■ **WORK REQUEST**:
Of the entries below, return only those lines from the line with "ミュウミュウナンセンス顧問TOOGOO 10個三角コーナープラスチックラインストーンビーズ 結晶" to the line with "Silnik Zaburtowy Mercury", exactly, both included.

■ **RECORDS SHOWN**:
┄┄┄┄┄┄┄┄┄┄┄┄┄┄┄┄┄┄┄┄
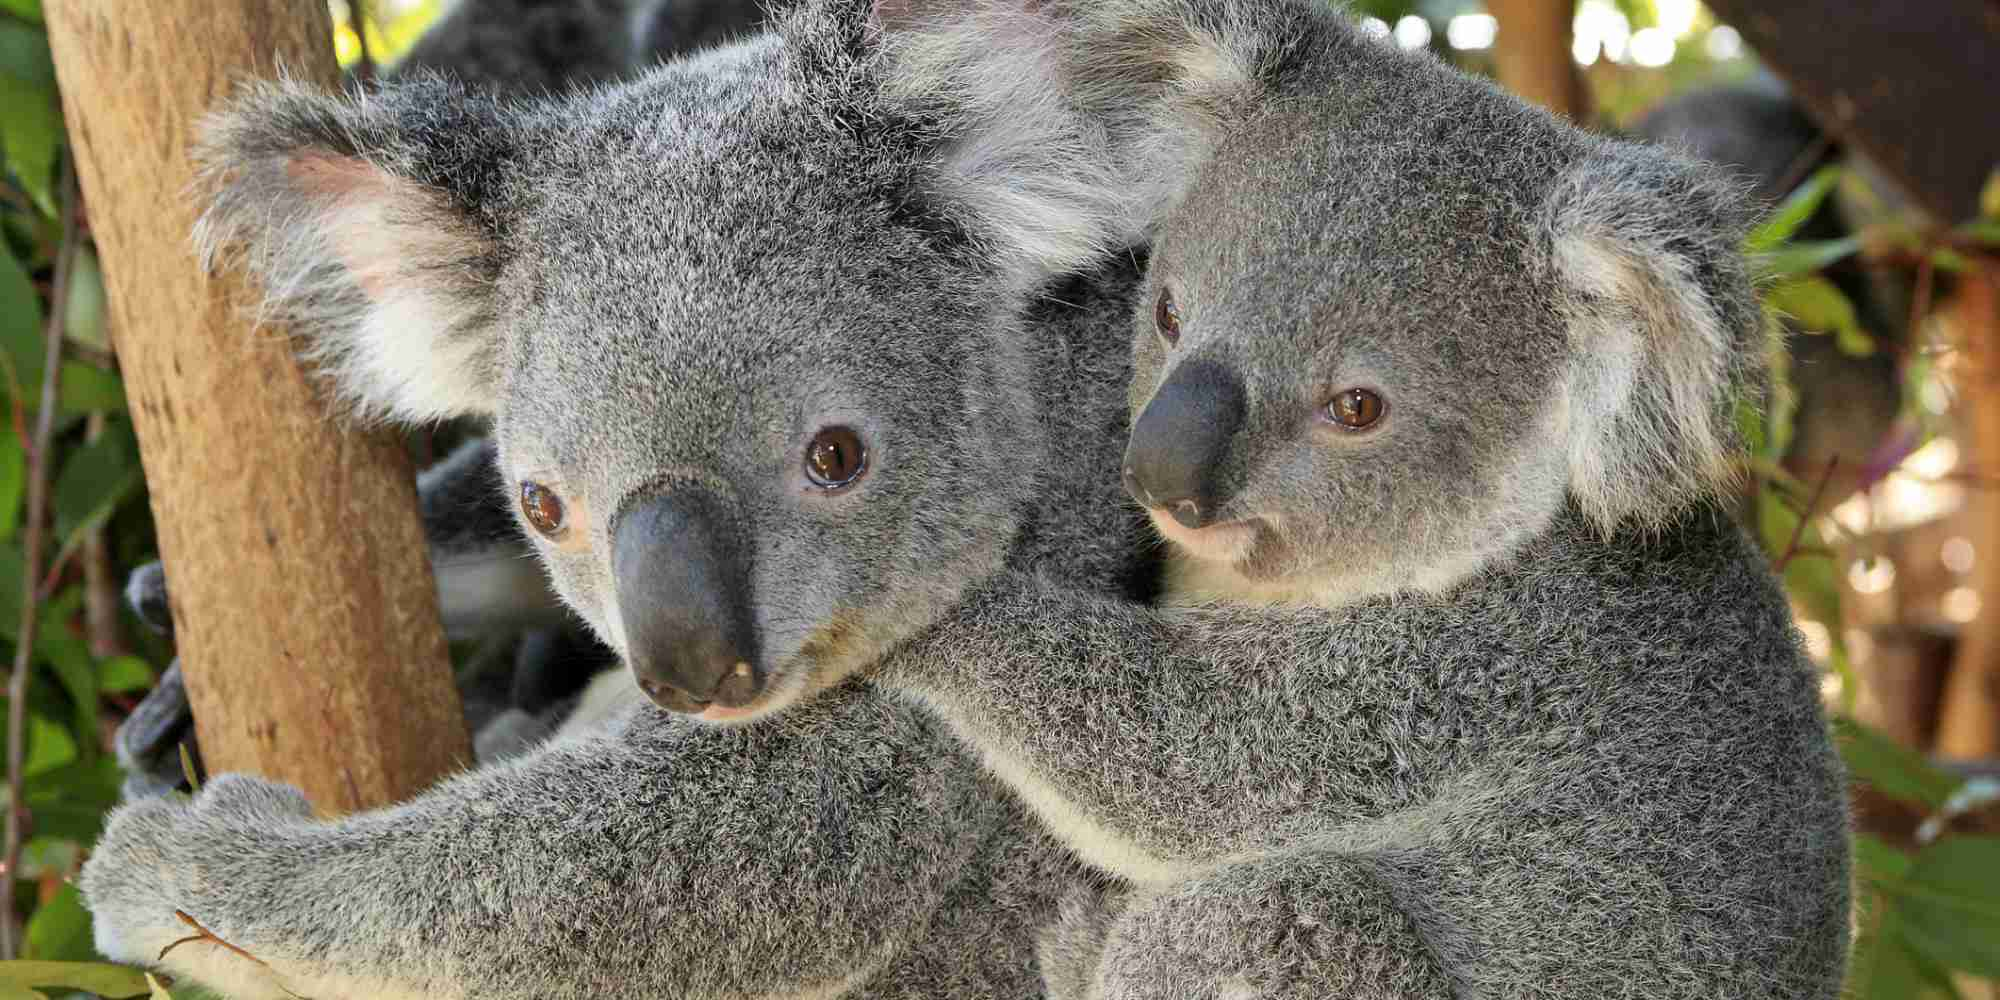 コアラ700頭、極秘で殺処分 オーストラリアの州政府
┄┄┄┄┄┄┄┄┄┄┄┄┄┄┄┄┄┄┄┄
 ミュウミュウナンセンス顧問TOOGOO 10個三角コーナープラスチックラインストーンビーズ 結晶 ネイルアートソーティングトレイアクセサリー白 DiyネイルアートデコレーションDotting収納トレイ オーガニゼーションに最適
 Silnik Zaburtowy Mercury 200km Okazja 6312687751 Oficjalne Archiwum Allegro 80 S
┄┄┄┄┄┄┄┄┄┄┄┄┄┄┄┄┄┄┄┄
■ **ANSWER TO THIS EXERCISE**:
 ミュウミュウナンセンス顧問TOOGOO 10個三角コーナープラスチックラインストーンビーズ 結晶 ネイルアートソーティングトレイアクセサリー白 DiyネイルアートデコレーションDotting収納トレイ オーガニゼーションに最適
 Silnik Zaburtowy Mercury 200km Okazja 6312687751 Oficjalne Archiwum Allegro 80 S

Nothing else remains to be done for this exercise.